2. Larangan Tidak Berpengaruh Pada Penyembelihan

Selain itu yang perlu juga dipahami bahwa kalau Nabi SAW melarang menyimpan lebih dari tiga hari, bukan berarti daging itu menjadi haram, juga bukan berarti penyembelihannya menjadi tidak sah.

Sebab ritual ibadah udhiyah ini intinya justru pada penyembelihannya, dan bukan pada bagaimana cara dan waktu memakan dagingnya.

Ekstrimnya, bila seseorang telah melakukan penyembelihan dengan benar, sesuai dengan syarat dan ketentuannya, maka ibadahnya telah sah dan diterima Allah SWT secara hukum fiqih. Ada pun urusan mau diapakan dagingnya, tidak ada kaitannya dengan sah atau tidak sahnya penyembelihan.

Dahulu di Mina, tepatnya di tempat penyembelihan hewan (manhar), ada ribuan hewan ternak yang disembelih di Hari Raya Idul Adha, lalu dibiarkan begitu saja tubuh-tubuh hewan itu, tidak dimakan dan tidak pula diurus oleh panitia macam di negara kita. Lalu tubuh-tubuh hewan itu pun membusuk, sebagiannya dimakan hewan-hewan pemakan bangkai.
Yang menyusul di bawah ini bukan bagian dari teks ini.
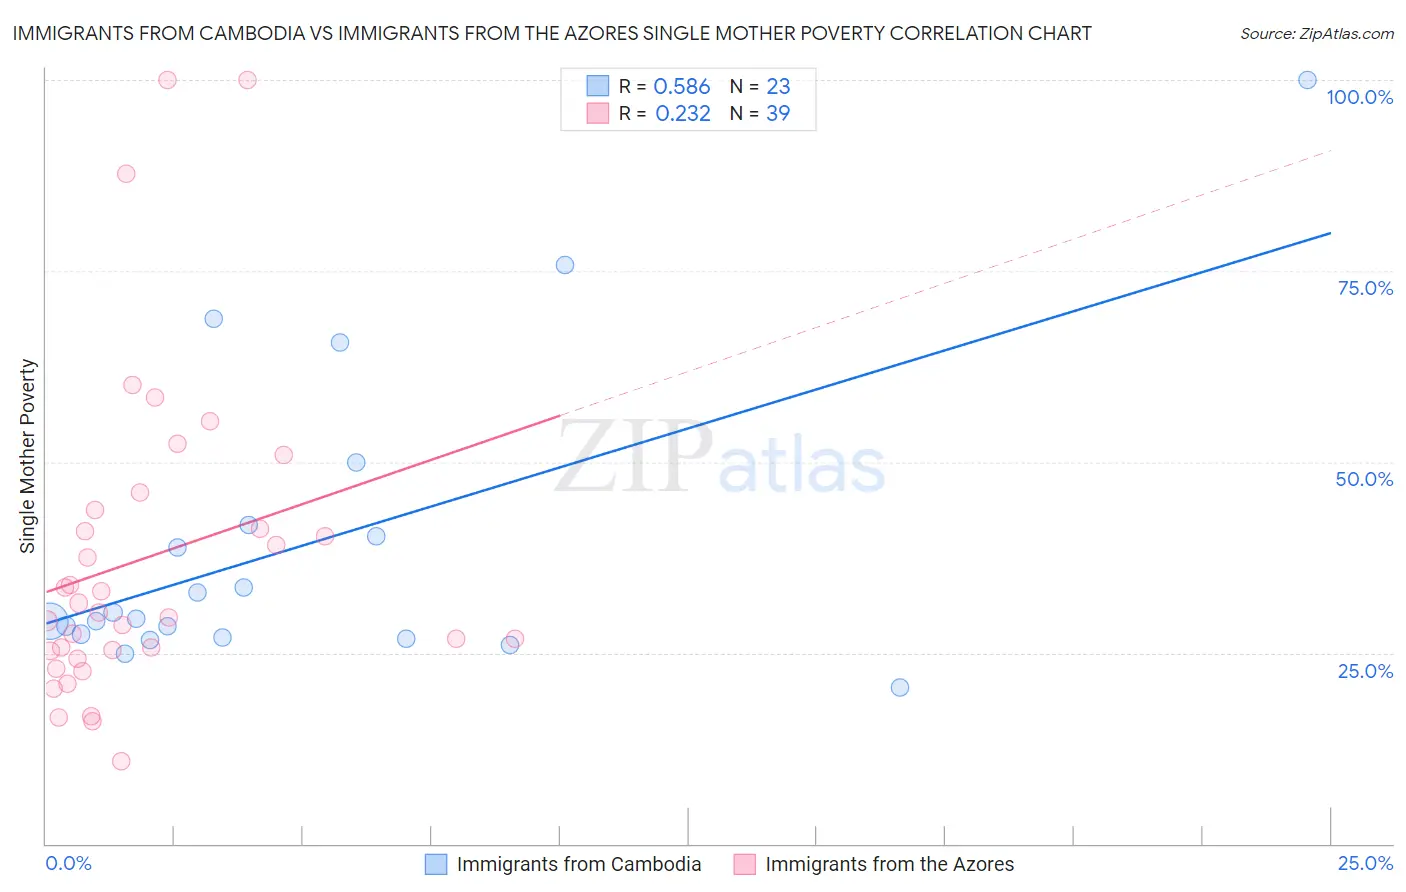 Immigrants from Cambodia vs Immigrants from the Azores Single Mother Poverty
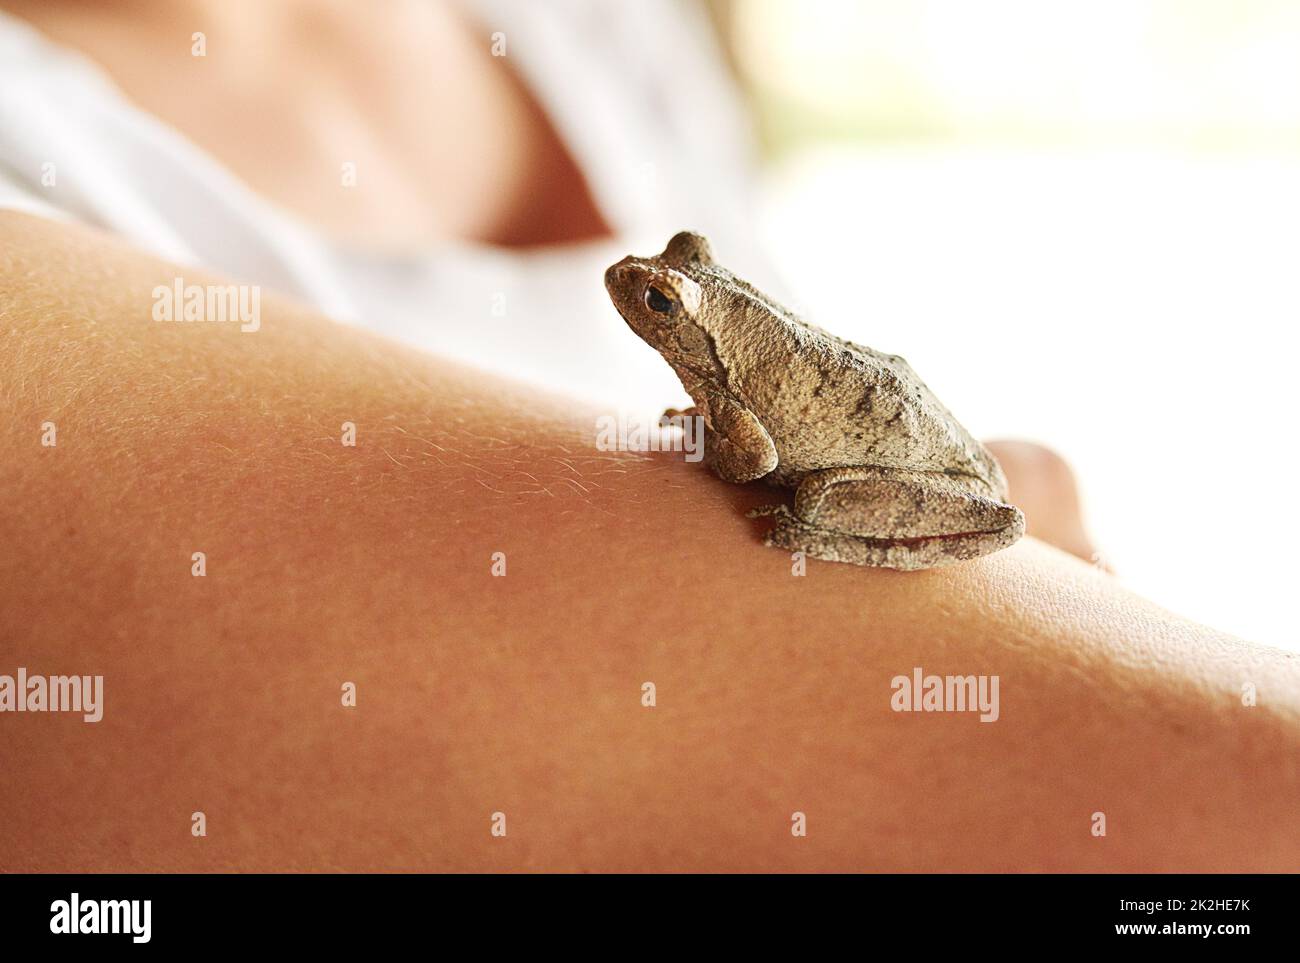 Such a cute little guy. Shot of a tiny frog sitting on a womans arm. Stock Photo

Dan sebagiannya mengering atau terkubur di pasir menjadi tanah dan debu.

Apakah ritual ibadah para jamaah haji itu sah? Jawabnya sah. Apakah diterima Allah? Jawabnya tentu saja diterima. Lalu kenapa dagingnya ‘dibuang’ begitu saja? Jawabnya karena yang menjadi titik pusat dari ritualnya hanya sebagai penyembelihan, bukan bagaimana membagi daging itu kepada mustahik, sebagaimana dalam syariat zakat.

Sunnahnya, daging itu dimakan sendiri sebagian, lalu sebagiannya dihadiahkan, dan sebagian lainnya, disedekahkan kepada fakir miskin. Tetapi semua itu sunnah dan bukan syarat sah. Berbeda dengan zakat, zakat harus disampaikan kepada para mustahik dengan benar. Bila diserahkan kepada mereka yang bukan mustahik secara sengaja dan lalai, maka zakat itu tidak sah hukumnya.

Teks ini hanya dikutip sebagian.